Джудит сделала крошечный шаг назад, а он улыбнулся. «Лучше бы он был уродом», – подумала Джудит. Она обвела взглядом его мощную шею, выступающую из распахнутого ворота рубашки; решительный, упрямо вскинутый подбородок с небольшой ямочкой; красиво очерченные губы, подрагивающие от сдерживаемой улыбки; нос, о который она стукнулась вчера головой, и, наконец, глаза: карие, с золотыми искорками. Сейчас в солнечном свете они сияли скрытой глубиной, как самого лучшего качества бренди сияет в блеске сотен свечей, и смотрели на нее с прямотой, от которой захватывало дух. Волосы у него были черные, длинные и вьющиеся. Он отбросил их с лица нетерпеливым движением сильной руки.
Джудит поежилась.
– Так страшно? – спросил Алисдер, закончив молча рассматривать ее, и по какой-то необъяснимой причине почувствовал себя очень неуютно. С чего бы ей пугаться? У всех бывают трудные времена, однако он сейчас чист, насколько возможно при данных обстоятельствах. Он бреется каждое утро, каждый день меняет одежду, чистит зубы крошечной щеточкой, которую макает в специальную соль, часто моется, даже если ванной служит морской залив.

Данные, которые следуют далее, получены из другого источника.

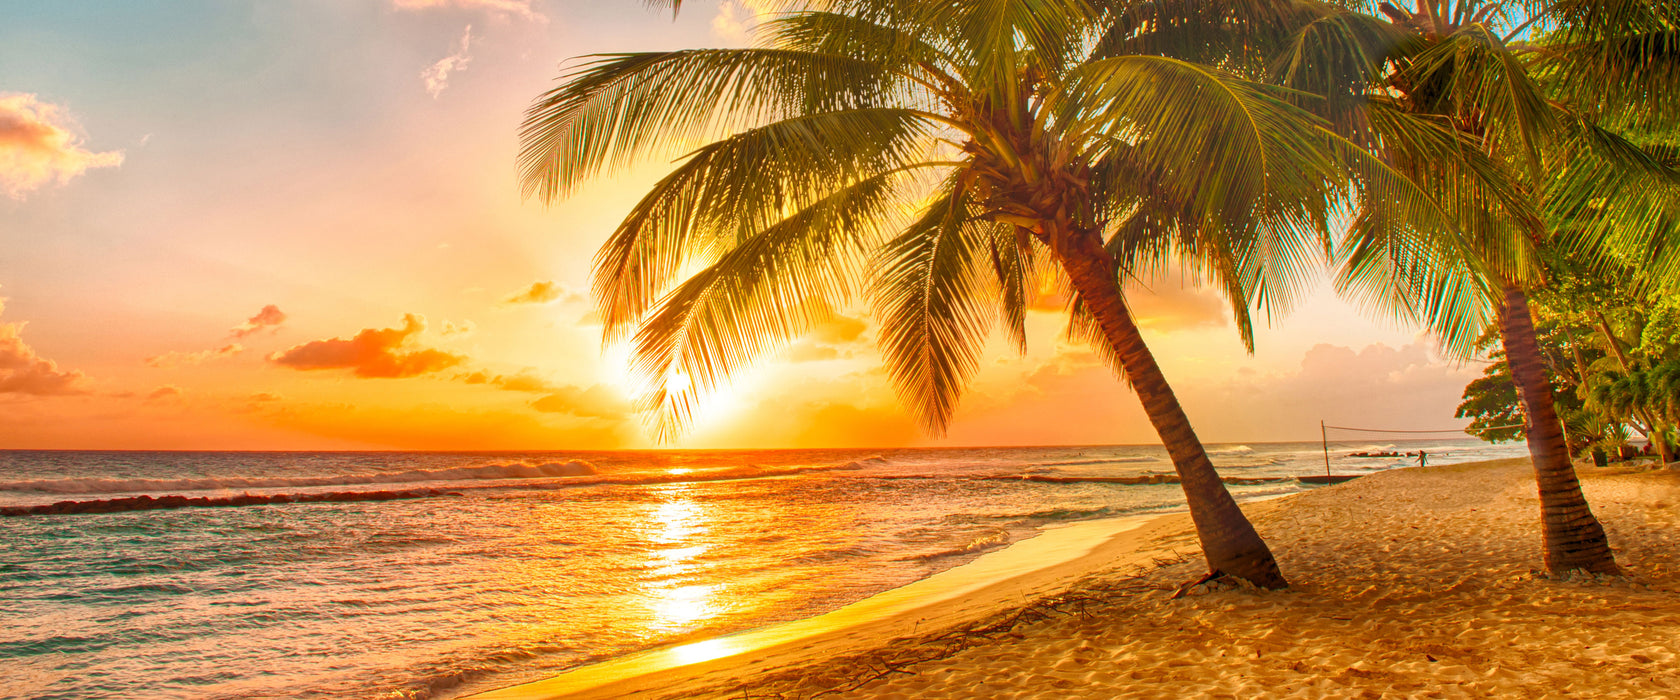 Palmen im Sonnenuntergang auf Barbados, Glasbild Panorama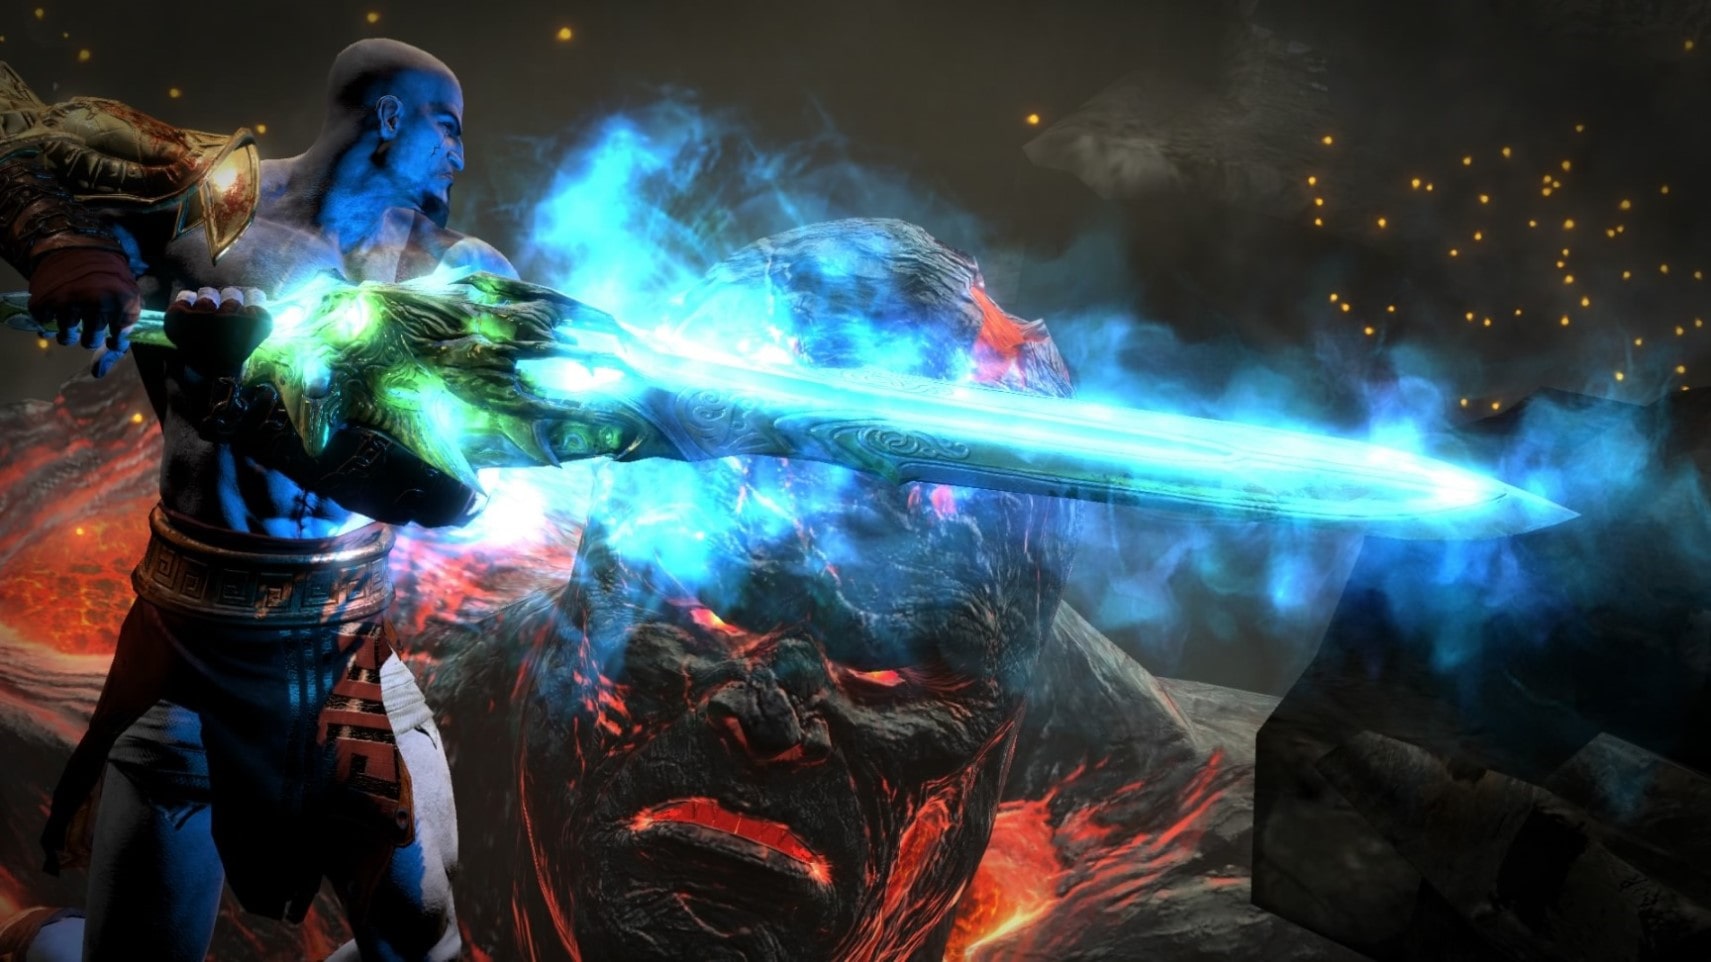 God Of War 3' Gets Glorious 8K Remaster

Он сердито посмотрел на нее, но она не отвела взгляда. Члены клана стояли поблизости и тихо переговаривались. Малкольм, будь он неладен, улыбался.
– Я не хочу быть твоей женой, – сказала Джудит ясным звенящим голосом.
«Наверное, ее слышно в Эдинбурге, – подумал Алисдер. – И выговор у нее чересчур английский». Он почувствовал, как напряглись и замерли все вокруг.
– Отлично, я тоже не хочу этого.
– Вот и хорошо. Дай мне немного денег, и я покину тебя на четыре года. Этого ведь достаточно? – Она взглянула на статного шотландца, ожидая подтверждения.
– Да, девушка, этого достаточно. Малкольм, – обратился Алисдер к старшему другу, который стоял поблизости и посмеивался, – раз уж замечательные идеи бьют из тебя фонтаном, может, подскажешь, что мне использовать в качестве денег? – Он сказал это как бы между прочим, ничем не показывая, что ему вдруг захотелось перейти на крик.